To do:
Please return the entries, omitting and altering nothing.

Data for this exercise:
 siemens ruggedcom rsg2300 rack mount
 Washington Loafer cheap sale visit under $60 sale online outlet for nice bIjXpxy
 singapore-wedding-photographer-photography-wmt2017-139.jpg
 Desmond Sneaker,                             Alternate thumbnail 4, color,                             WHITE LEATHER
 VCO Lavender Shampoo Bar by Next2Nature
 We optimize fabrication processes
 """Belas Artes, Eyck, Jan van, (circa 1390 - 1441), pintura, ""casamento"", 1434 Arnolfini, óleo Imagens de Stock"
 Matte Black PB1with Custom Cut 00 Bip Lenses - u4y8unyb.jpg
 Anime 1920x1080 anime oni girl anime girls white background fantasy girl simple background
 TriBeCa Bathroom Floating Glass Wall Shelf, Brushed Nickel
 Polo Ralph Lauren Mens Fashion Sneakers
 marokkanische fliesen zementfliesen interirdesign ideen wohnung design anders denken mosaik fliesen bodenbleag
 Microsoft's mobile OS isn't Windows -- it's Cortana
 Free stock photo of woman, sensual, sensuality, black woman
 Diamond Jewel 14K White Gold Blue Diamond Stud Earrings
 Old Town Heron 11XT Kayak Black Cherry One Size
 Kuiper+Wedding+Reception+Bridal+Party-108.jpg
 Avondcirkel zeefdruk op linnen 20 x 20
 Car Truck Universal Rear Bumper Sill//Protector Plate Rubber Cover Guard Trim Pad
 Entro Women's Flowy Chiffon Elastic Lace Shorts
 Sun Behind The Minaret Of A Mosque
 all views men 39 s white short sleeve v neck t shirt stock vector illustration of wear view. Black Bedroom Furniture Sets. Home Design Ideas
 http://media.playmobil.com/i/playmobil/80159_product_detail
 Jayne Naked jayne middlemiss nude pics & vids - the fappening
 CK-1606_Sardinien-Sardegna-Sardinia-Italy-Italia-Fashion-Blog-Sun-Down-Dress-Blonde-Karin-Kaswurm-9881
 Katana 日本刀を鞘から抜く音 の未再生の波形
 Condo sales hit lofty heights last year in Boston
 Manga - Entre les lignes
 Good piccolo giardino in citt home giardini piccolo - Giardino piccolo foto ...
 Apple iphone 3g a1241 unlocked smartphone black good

Exercise solution:
 siemens ruggedcom rsg2300 rack mount
 Washington Loafer cheap sale visit under $60 sale online outlet for nice bIjXpxy
 singapore-wedding-photographer-photography-wmt2017-139.jpg
 Desmond Sneaker,                             Alternate thumbnail 4, color,                             WHITE LEATHER
 VCO Lavender Shampoo Bar by Next2Nature
 We optimize fabrication processes
 """Belas Artes, Eyck, Jan van, (circa 1390 - 1441), pintura, ""casamento"", 1434 Arnolfini, óleo Imagens de Stock"
 Matte Black PB1with Custom Cut 00 Bip Lenses - u4y8unyb.jpg
 Anime 1920x1080 anime oni girl anime girls white background fantasy girl simple background
 TriBeCa Bathroom Floating Glass Wall Shelf, Brushed Nickel
 Polo Ralph Lauren Mens Fashion Sneakers
 marokkanische fliesen zementfliesen interirdesign ideen wohnung design anders denken mosaik fliesen bodenbleag
 Microsoft's mobile OS isn't Windows -- it's Cortana
 Free stock photo of woman, sensual, sensuality, black woman
 Diamond Jewel 14K White Gold Blue Diamond Stud Earrings
 Old Town Heron 11XT Kayak Black Cherry One Size
 Kuiper+Wedding+Reception+Bridal+Party-108.jpg
 Avondcirkel zeefdruk op linnen 20 x 20
 Car Truck Universal Rear Bumper Sill//Protector Plate Rubber Cover Guard Trim Pad
 Entro Women's Flowy Chiffon Elastic Lace Shorts
 Sun Behind The Minaret Of A Mosque
 all views men 39 s white short sleeve v neck t shirt stock vector illustration of wear view. Black Bedroom Furniture Sets. Home Design Ideas
 http://media.playmobil.com/i/playmobil/80159_product_detail
 Jayne Naked jayne middlemiss nude pics & vids - the fappening
 CK-1606_Sardinien-Sardegna-Sardinia-Italy-Italia-Fashion-Blog-Sun-Down-Dress-Blonde-Karin-Kaswurm-9881
 Katana 日本刀を鞘から抜く音 の未再生の波形
 Condo sales hit lofty heights last year in Boston
 Manga - Entre les lignes
 Good piccolo giardino in citt home giardini piccolo - Giardino piccolo foto ...
 Apple iphone 3g a1241 unlocked smartphone black good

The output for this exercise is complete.